Speaking to AdNews about the company's latest $15 million Johnnie Walker campaign, Ballesty emphasised the strength of not only Walker but its entire portfolio, which includes brands such as Bundaberg, Smirnoff and Gordon's.
“That's actually not true. Alcohol is growing, spirits are a huge contributor to the growth and we are having a fantastic time. Five or six years ago that number had begun to turn and it wasn't that sort of way.
“Australians can be seen as drinking less but drinking better but at the moment spirits consumption is increasing.
“We've had fantastic success in that RTD, that casual get together late afternoon sort of consumption at the moment.
“Also the long term consumption has been in decline but in the last year or so we have seen an uptick in consumption (past 4 weeks trends) driven by spirits and specifically RTD – Lazy bear and Pure being the driver."
Ballesty says that the brand has now opted to shift its outlook from a 'lens of luxury' and instead take a 'craft' approach to its positioning.
Highlighting the success of the company's recent Bundaberg Rum repositioning as a key measure of Diageo's strength in the market, he says the brand has had a complete turnaround since launching the campaign two years ago.
The campaign was noted for having the iconic rum brand “go back to its roots.”
“When my team sat down and looked at all the consumer research and had a look at the brand from the bottom up, every key metric for that brand was red.
“That's from brand to sales performance. I'm very proud to say that all the key metrics are now green.

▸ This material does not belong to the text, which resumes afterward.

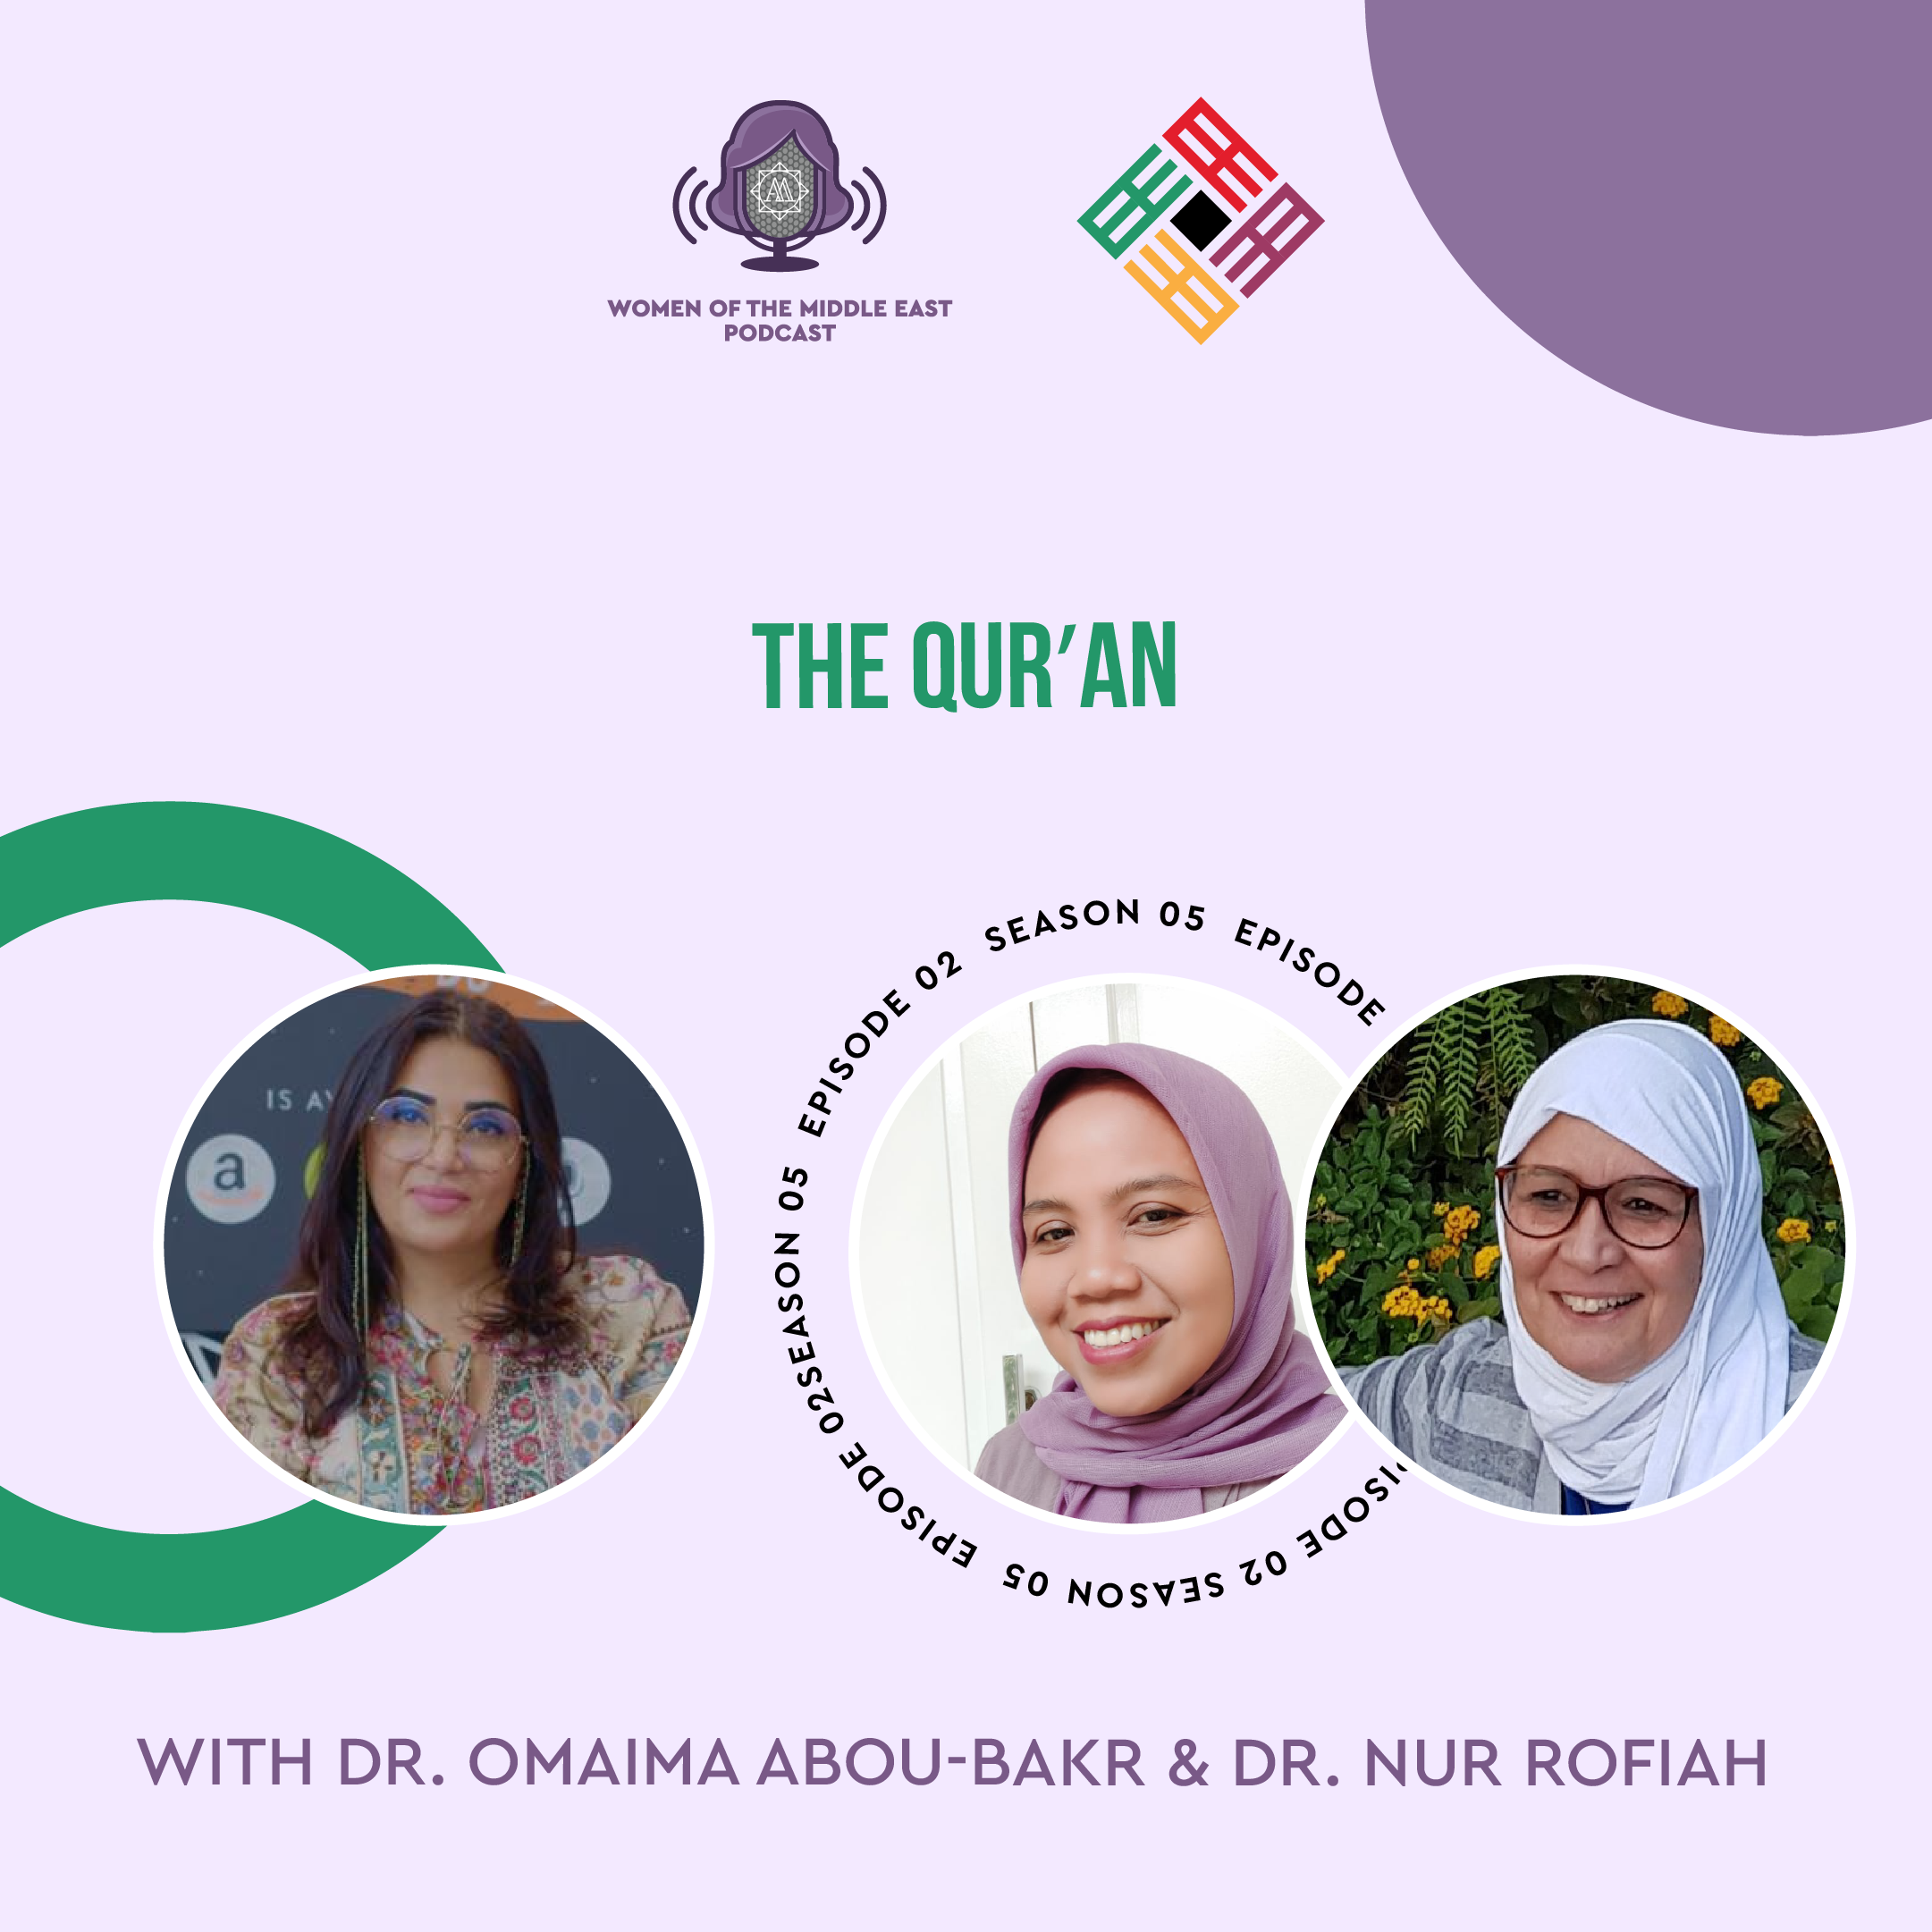 S5 E2: The Qurʾan featuring Dr. Omaima Abou-Bakr & Dr. Nur Rofiah

“It has been an outstanding result and one that would be on the top of my resume in terms of things I'm most proud of achieving in my marketing career.”
However, not all would agree with Ballesty when it comes to the return of 'boozing it up'. A report released last year by Drinkwise detailed the decline of Aussie drinking habits over a ten year period.
From 2007 to 2017, drinking in excess dropped 24%, with the number off teetotallers rising by 11% from 2007.
A further 9% drop was recorded in the number of Australians drinking daily and 47% less are drinking weekly.
Despite reports, Ballesty says the market is “ripe” for the new approach Diageo is taking to its portfolio of spirit brands.
In the case of Johnnie Walker, research conducted by the company revealed that many consumers are less interested in celebrity appeal and glitz and glamour once associated with Scotch.
“The story was ripe to be told differently, hence why we didn't use celebrity, there is no 'bling' in the add, there are no private jets.
“Celebrity and their success is always a shortcut to tell a story that because a person can equate that success and that outcome to progress. Yet what we are demonstrating now is that it is not the outcome but the journey."
However, Ballesty does not believe the overall abandonment of celebrity is necessary but believes the best option for the brand is not to use the 'shortcut' of a celebrity's status.
Last year, Diageo dropped $20 million on the relaunch of Bundaberg Rum and in 2016, it invested another $20 million in a bid to make premix drinks 'sexy again'.